Setelah serangkaian pemeriksaan, termasuk permintaan dokumen, Ditreskrimum Polda Jatim menerbitkan Surat Perintah Penyidikan dan menetapkan dua orang sebagai tersangka yakni Dahlan Iskan dan Nany Wijaya.
Dokumen penetapan tersangka itu ditandatangani oleh AKBP Arief Vidy, Kasubdit I Ditreskrimum, pada 7 Juli 2025.
Kuasa hukum Dahlan Iskan Johanes Dipa, menyayangkan penetapan tersangka tersebut. Dia menyebut kliennya bukanlah pihak yang dilaporkan dalam kasus ini.

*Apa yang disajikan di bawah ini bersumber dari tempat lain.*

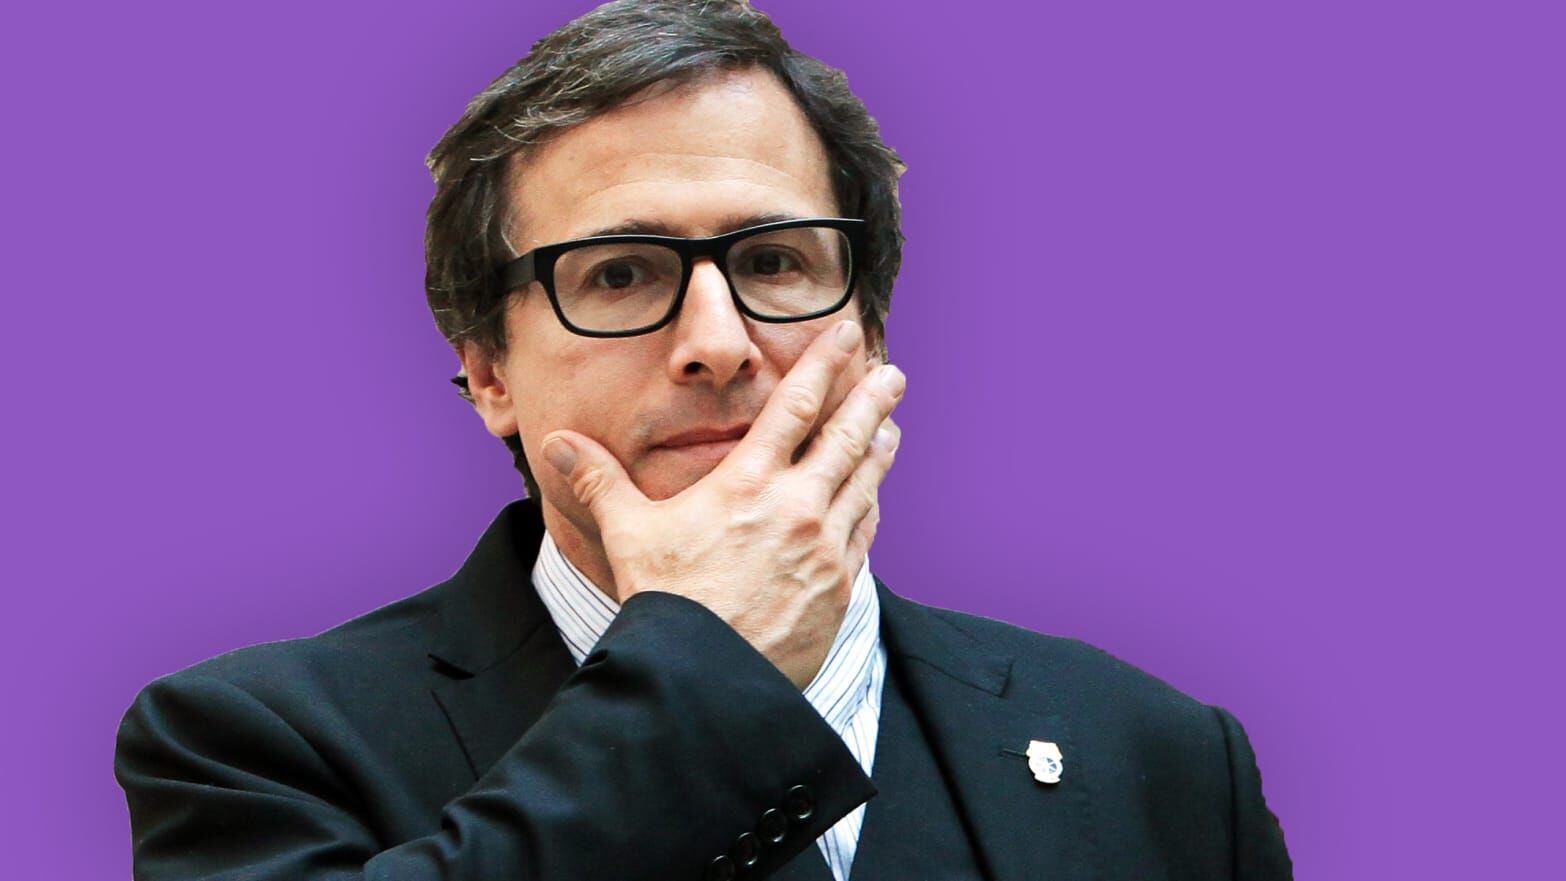 Must see: all eyes on the director | David O. Russell
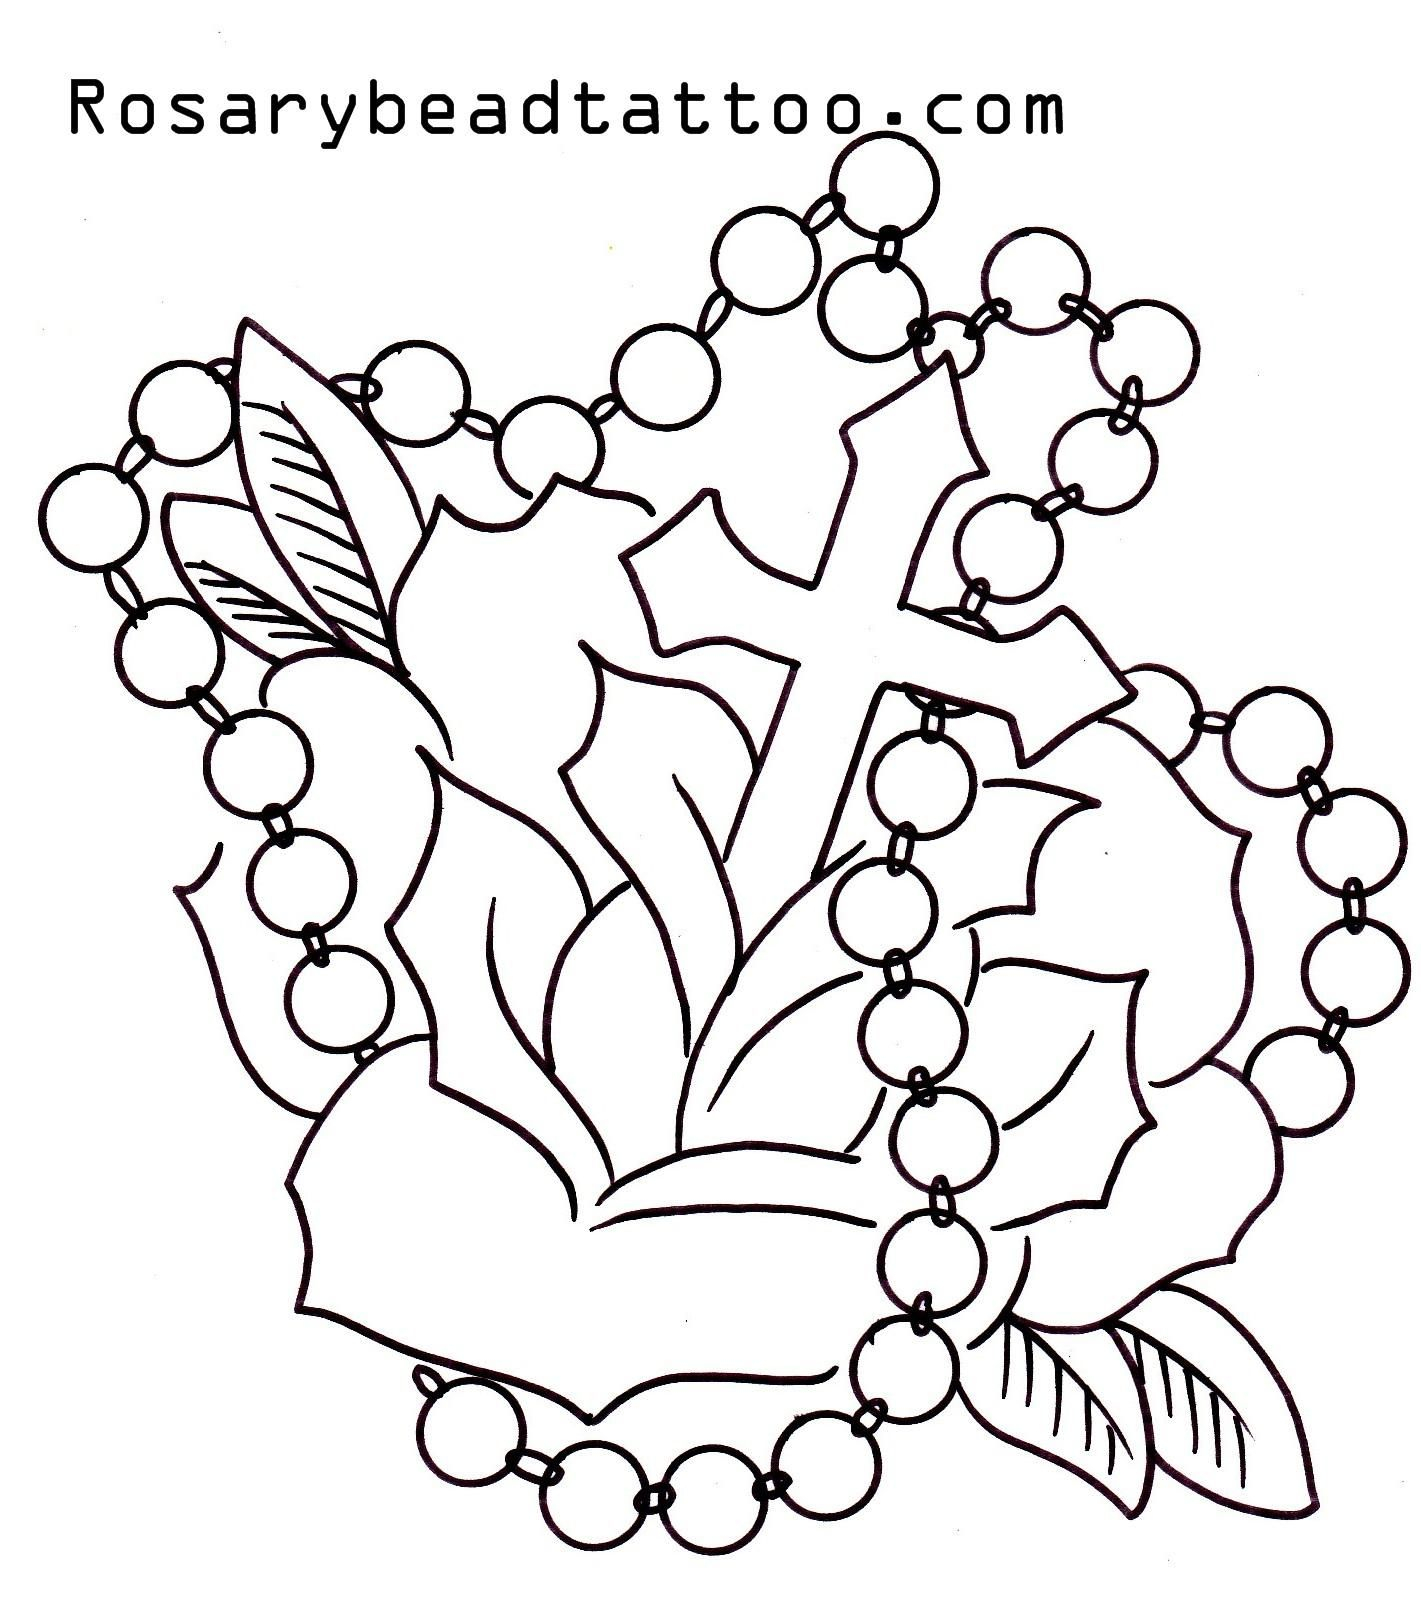 Flower With Roseary Stencils Rosary Tattoocross Tattoo Design within dimensions 1421 X 1610

“Kaget kenapa jadi tersangka. Klien kami bukan terlapor. Terlapor hanya NW,” kata Dipa, Selasa (8/7/2025).
Dia juga mempertanyakan alasan penetapan tersangka dilakukan ketika sengketa keperdataan masih berlangsung di Pengadilan Negeri Surabaya.
“Jangan-jangan ini karena masalah gugatan PKPU,” ujarnya, merujuk pada langkah hukum Dahlan yang mengajukan Penundaan Kewajiban Pembayaran Utang (PKPU) terhadap PT Jawa Pos.
Kembali ke dalam tulisannya, Dahlan mengungkap bahwa kepemilikan saham Nyata berbeda dengan Jawa Pos. Dia menilai konflik ini sebagai kesalahpahaman pimpinan Jawa Pos saat ini yang tidak mengetahui sejarah perusahaan.
“Saya tegaskan tidak semua media yang saya pimpin adalah milik Jawa Pos,” ujarnya.